Replies

To add to this, given that you're concerned with security and want to use TLS 1.2, you should strongly consider upgrading, as 2012.1.2 has a number of security issues that have been fixed over the years.

I just want to note that 2015 kits are not available for download anymore, even for supported customers. If anyone has a specific need for a 2015 kit, please contact the WRC.

Are the two mirror members functioning as primary and backup? No members will even attempt to connect to the arbiter until you have a primary and an active backup (because that is the only situation where the arbiter is used). If you do have a primary and active backup, and they aren't connecting to the arbiter, I'd suggest contacting the WRC so that we can take a look at this with you.

Is the database journaled? Remote non-mirrored databases on mirrored ECP database servers can only be mounted read-write on the ECP application server (in this case the reporting async) if the database is NOT journaled on the database server. This is documented here: https://docs.intersystems.com/latest/csp/docbook/Doc.View.cls?KEY=GHA_mi...

"Select the database you want to access over this ECP channel from the list of remote databases. You can select both mirrored databases (databases listed as :mirror:mirror_name:mirror_DB_name) and nonmirrored databases (databases listed as :ds:DB_name); only mirrored databases remain accessible to the application server in the event of mirror failover. When the data server is a failover member, mirrored databases are added as read-write, and nonmirrored databases are added as read-only, if journaled, or read-write, if not journaled; when the data server is a DR async member, all databases are added as read-only."
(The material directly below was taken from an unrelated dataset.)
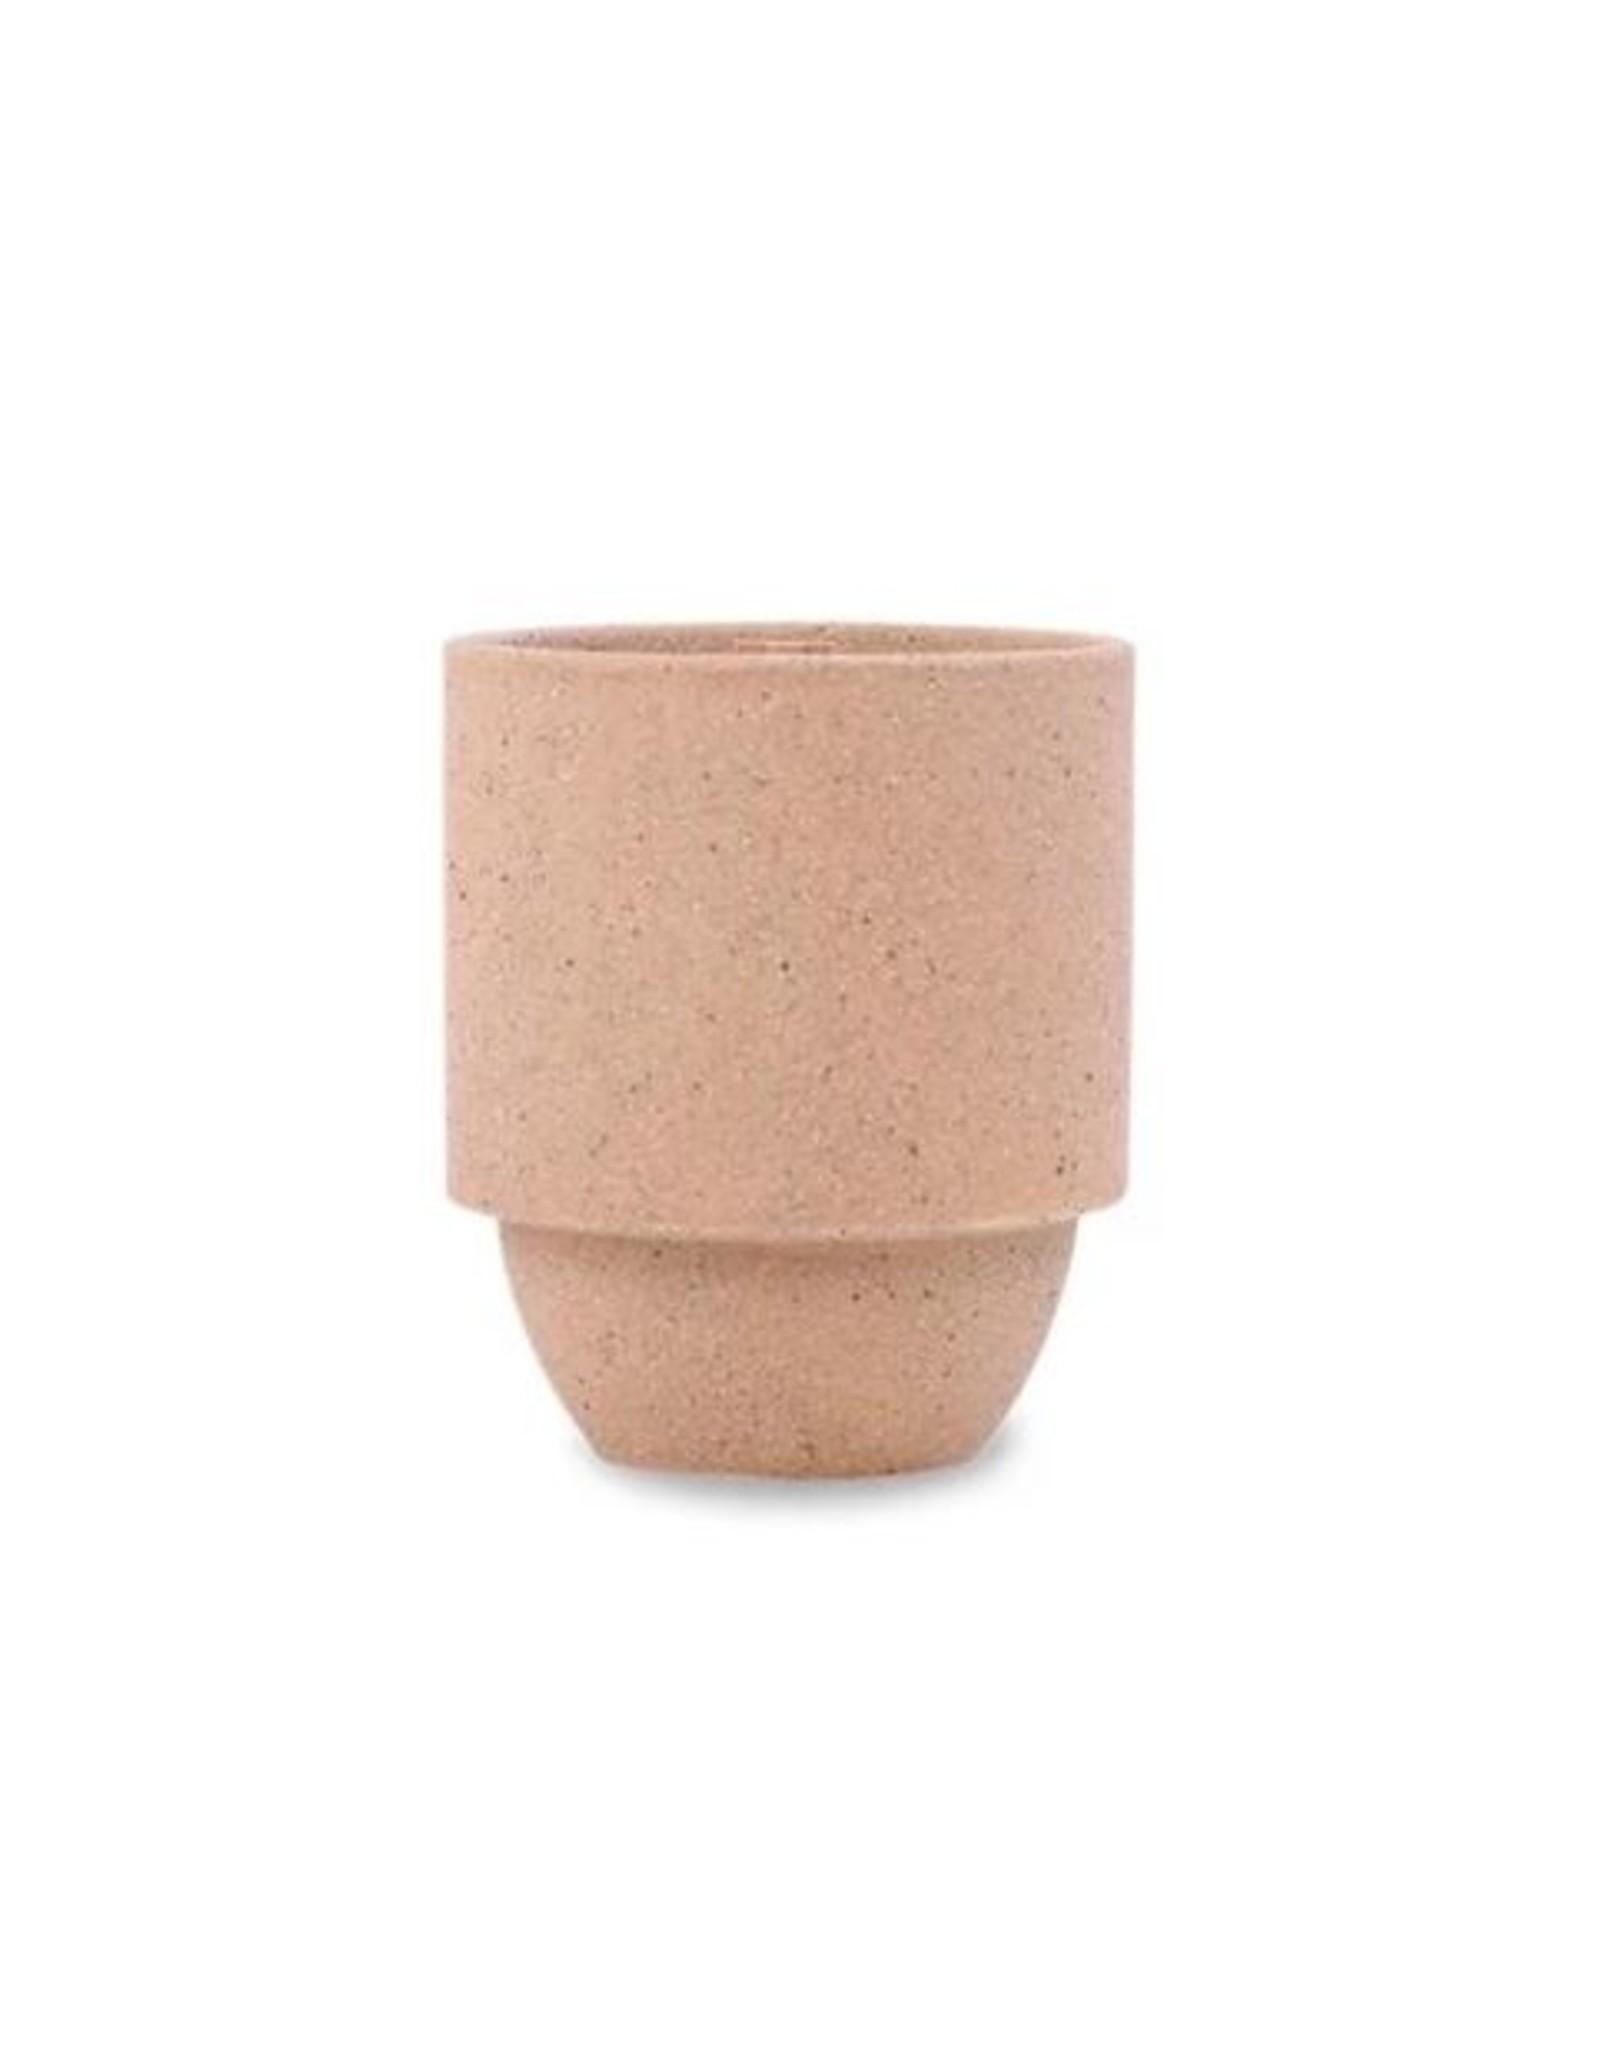 Sagebrush + Fir Candle 11 oz

I don't know the answer to this, but since you haven't gotten any responses here, I'd suggest opening a case with the WRC so someone can investigate it fully. Please include the $zv string from both instances involved, as well as the location of the installation (as I suspect that is relevant to the problem you're seeing).

This isn't enough information to answer definitively, as we don't really know whether there is a limitation on the client side or the server side. You should check IRIS' messages.log file. My best guess is that the errors may be due to running out of licenses. Either way, I think it's worth engaging the WRC on this, as a lot of setup-specific information is going to be required to get to the bottom of it.

That routine ultimately uses the same API under the covers: ##class(SYS.Mirror).BecomePrimary(), which forces down the original primary.

I just want to note that, although this script works at the basic level, using systemd with Caché/IRIS is not going to be a perfect experience. systemd relies on the fact that it's the only method being used for stopping and starting the service. If the instance is stopped or started via another method, such as a direct 'iris start/stop/force' by a user, or an 'iris force' invoked by the ISCAgent during a mirror failover, systemd will lose track of the actual status of the instance. Certainly, if you want to use this on a test system for basic functionality, you can, but I would definitely not recommend this on a live system.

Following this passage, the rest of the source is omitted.